Thousands Of Jobs Go To Drones And Robots

Drones and robots are taking over the world but most of us don’t realise the stealthy technological revolution taking place around us.

Thousands of jobs have already switched to robots in recent decades.

Just look at the production lines in factories that once swarmed with workers that are now largely quietly efficient with robots patiently performing repetitive tasks.

Many of the world’s top 10 employers are already replacing jobs with robots and drones.

The US Department of Defense is the world’s largest employer with a workforce of 3.2 million.

But the US Air Force is already cutting costs and shedding jobs by deploying drones to gather intelligence and remotely mount deadly attacks that literally come from out of the blue.

Biggest employers look to technology

The US has close to 7,500 drones operating in trouble spots around the world.

Retailer Walmart, the third largest global employer with 2.1 million staff, is looking at managing hundreds of miles of warehouse shelves with drones that can scan stock much faster than human workers.

Foxconn, a technology company making components for companies such as Apple, Google and Amazon, ranks as the world’s 10th largest employer with 1.3 million workers. Executives have already shed 60,000 human jobs and handed the roles to robots.

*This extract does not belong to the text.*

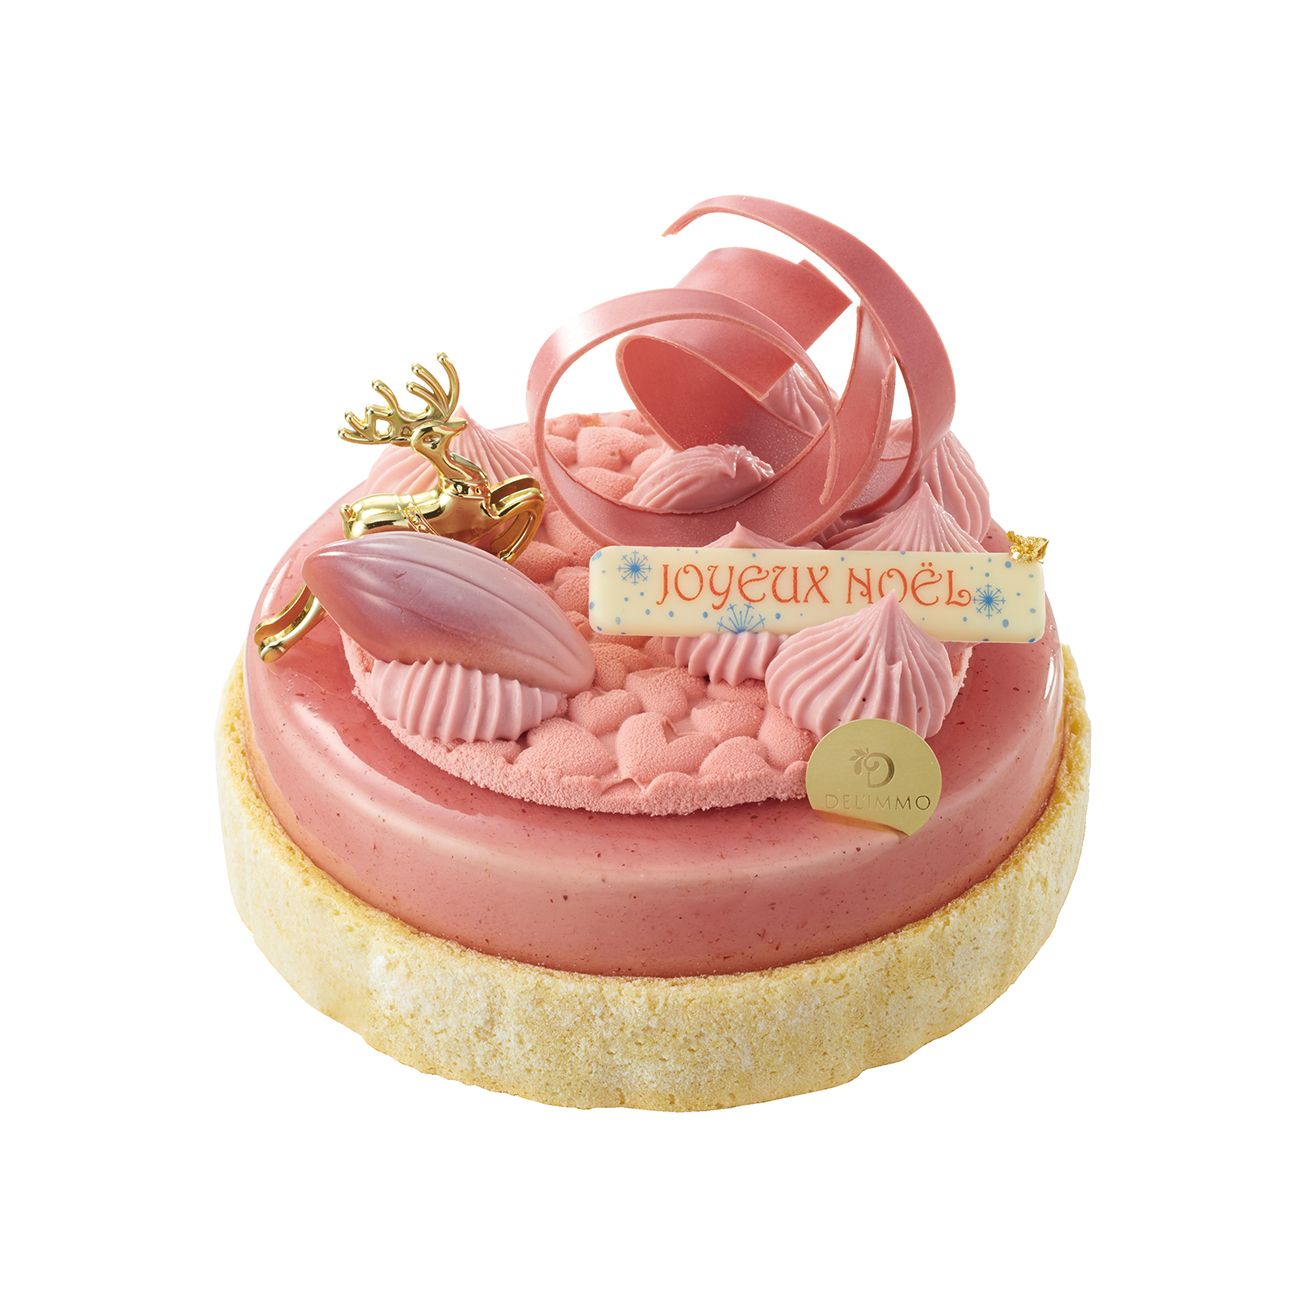 新宿小田急の「クリスマスケーキ」！真っ赤なバラのリースケーキや可愛いリボンケーキが登場！ #Z世代Pick

While firms such as Google and Amazon are looking at operating fleets of drones to make deliveries to homes and businesses, their scope to replace delivery drivers is limited.

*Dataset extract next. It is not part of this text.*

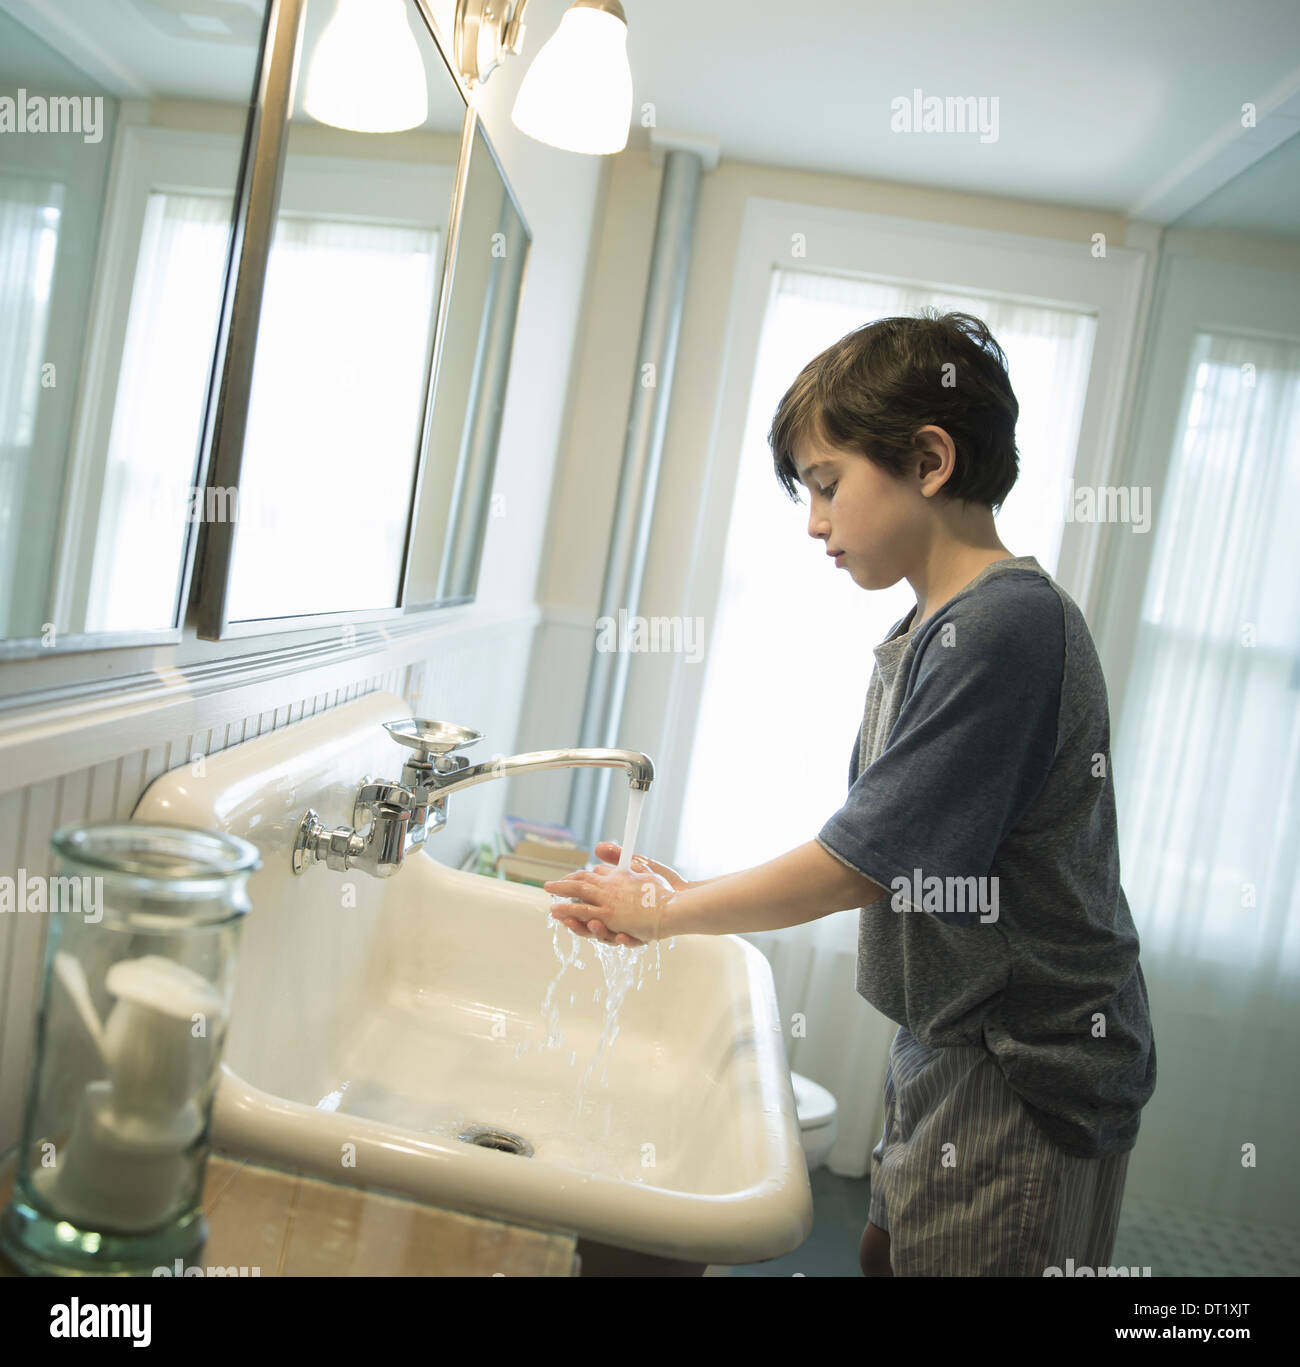 Ein Junge steht im Bad waschen seine Hände unter den Wasserhahn Stockfoto

Drones have their operations restricted by battery power and the range of their remote controls. Carrying a hefty payload cuts range and flying time even more.

Batteries limit technology take over

Increasing battery power means making a drone heavier, which reduces range and capabilities again.

Most can fly for a limited time and can carry a payload weighing no more than 10 or 12 pounds.

Another issue is flight management. Cities have no-fly zones and decisions about who tracks and controls hundreds or thousands of drones in the sky at the same time have yet to be made.

Other questions such as health and safety, mechanical and legal compliance all need looking at as well.

Consultancy PwC believes the future lies with drones and robots so much that a drone headquarters is busy at work in Poland developing technologies.

One aspect of the technology the company wants to exploit is harnessing drones to assess structural defects and the need for maintenance in construction – like inspecting pipelines with high definition cameras.